→ Available data
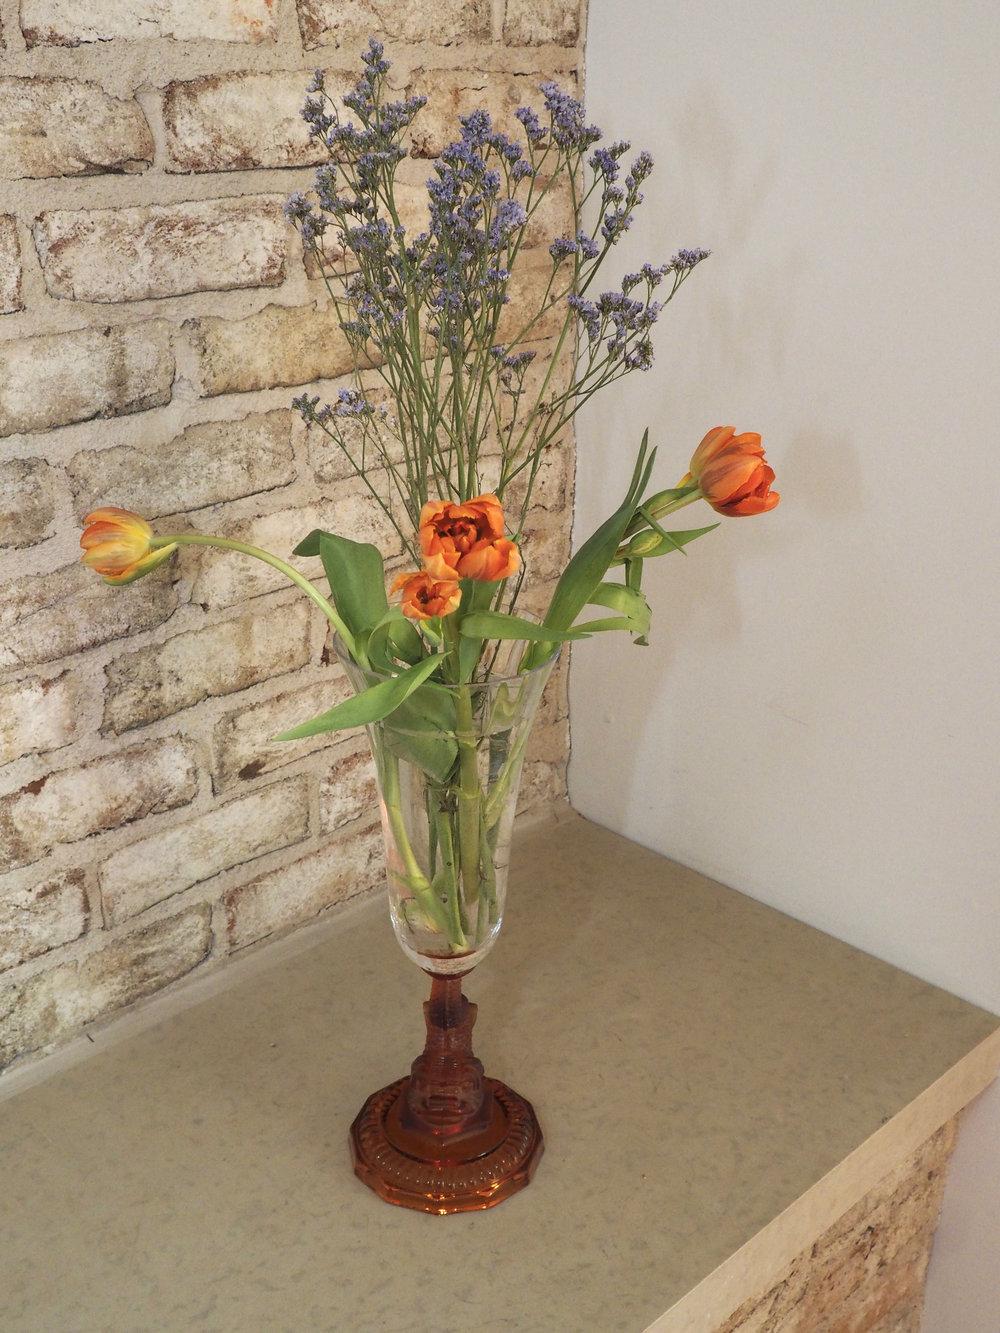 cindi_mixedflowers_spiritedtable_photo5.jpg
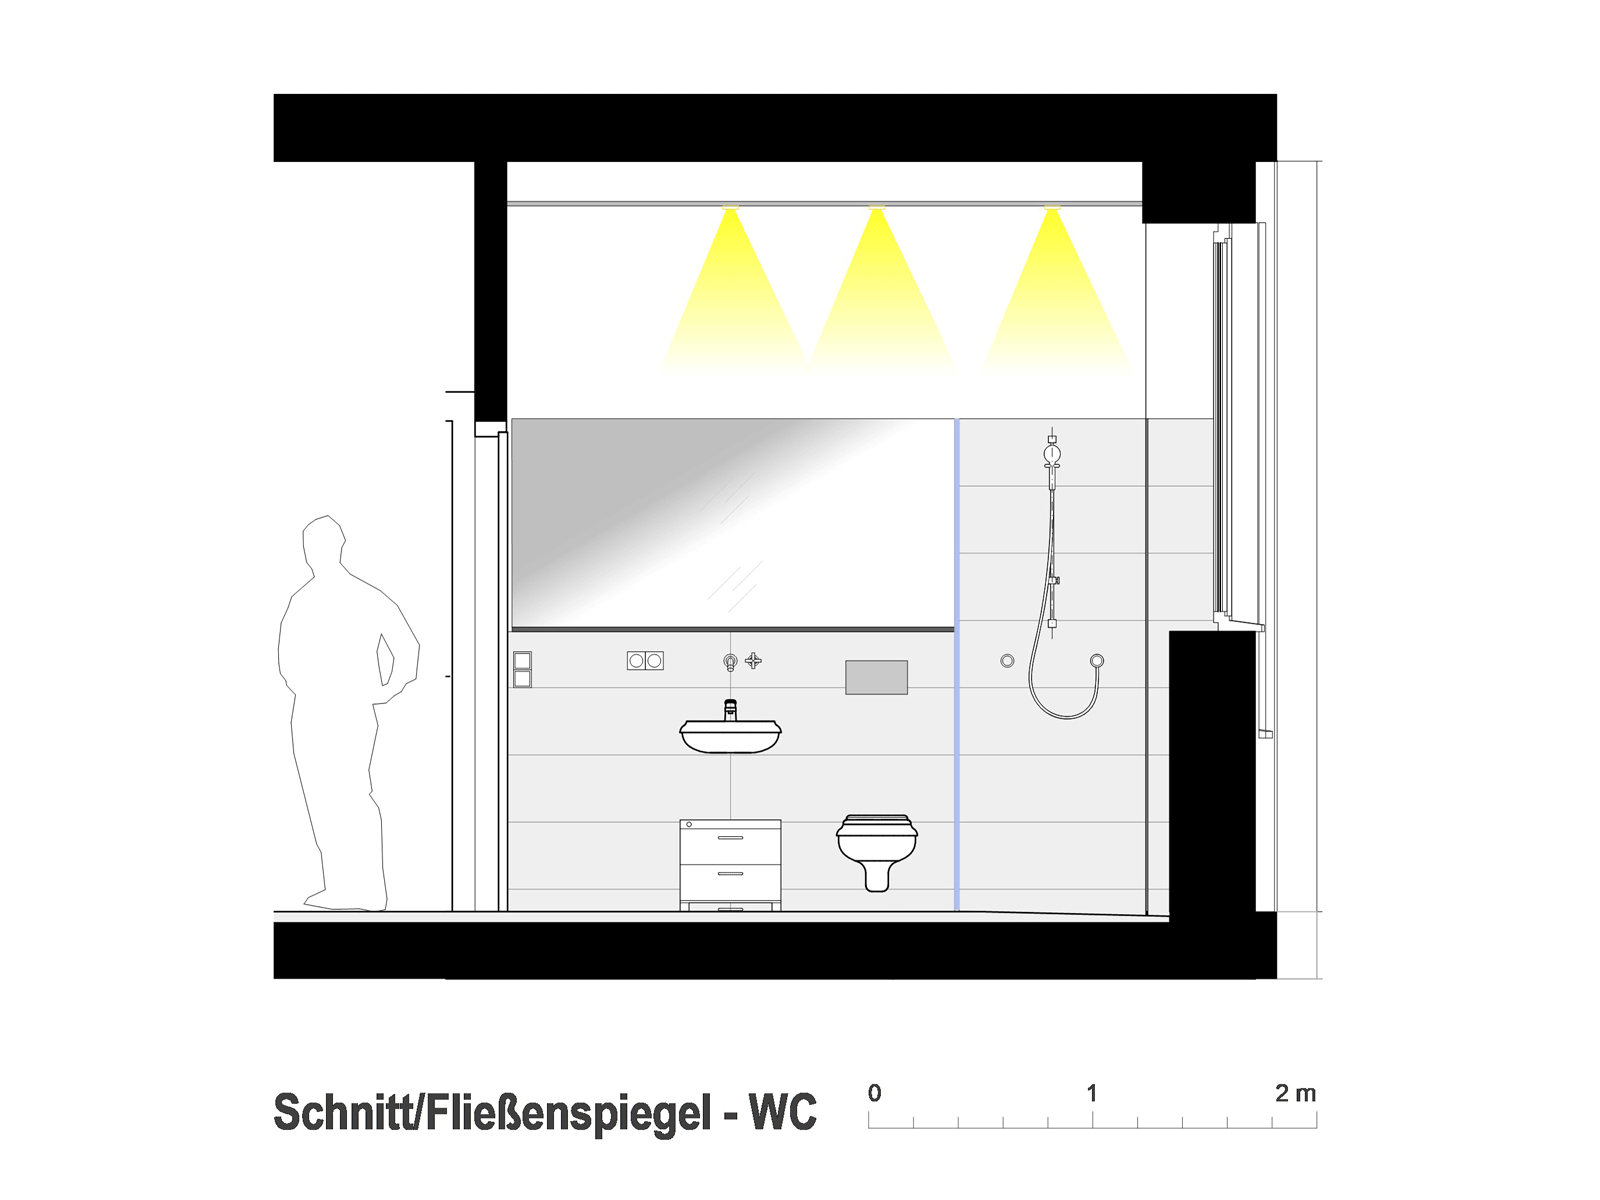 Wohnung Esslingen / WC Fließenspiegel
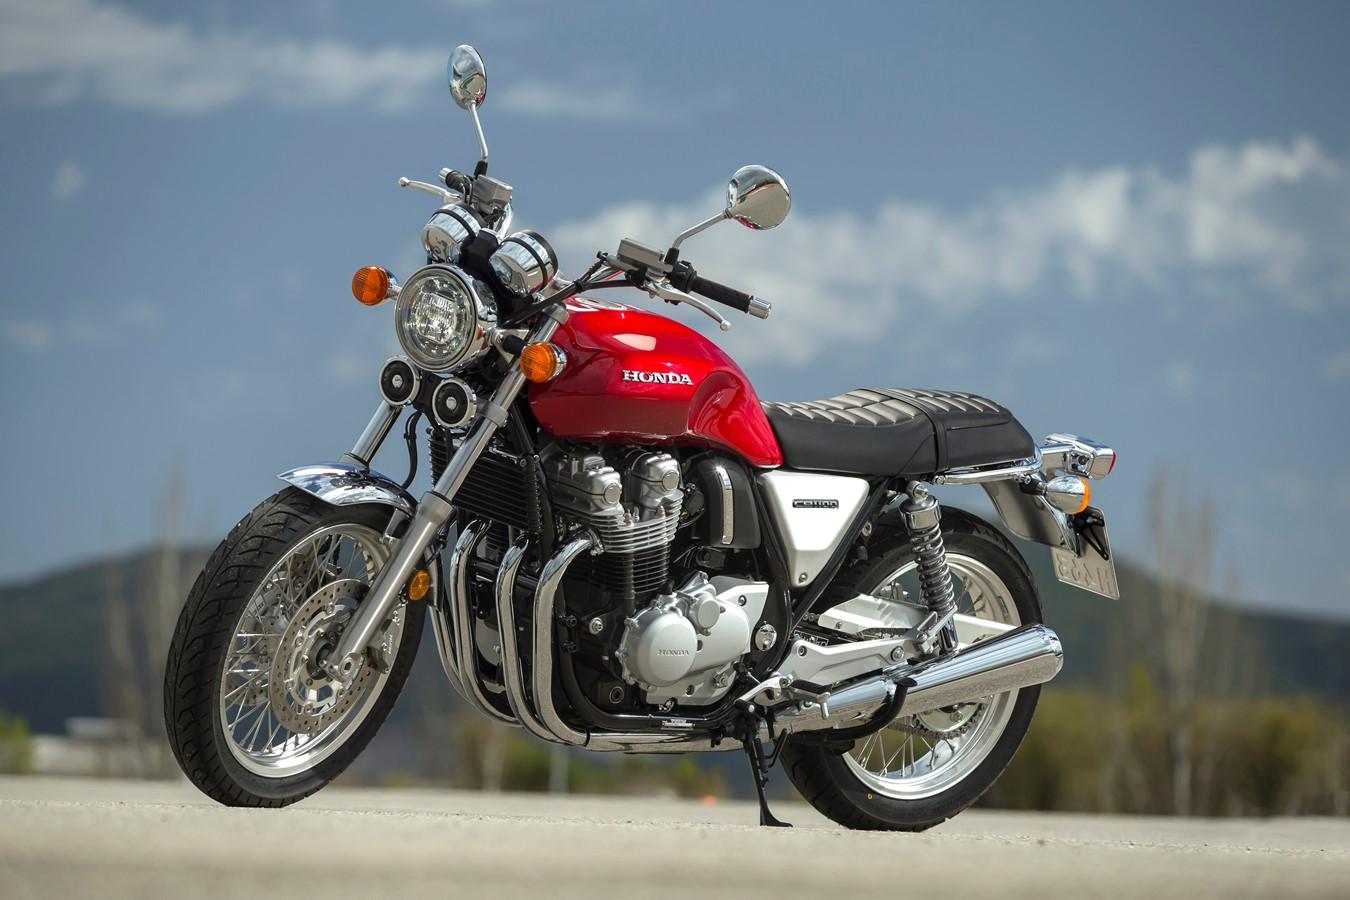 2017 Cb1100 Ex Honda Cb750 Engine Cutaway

→ Task statement
After removing the pictures, transcribe the listing above exactly.

→ Task response
 cindi_mixedflowers_spiritedtable_photo5.jpg
 Wohnung Esslingen / WC Fließenspiegel
 2017 Cb1100 Ex Honda Cb750 Engine Cutaway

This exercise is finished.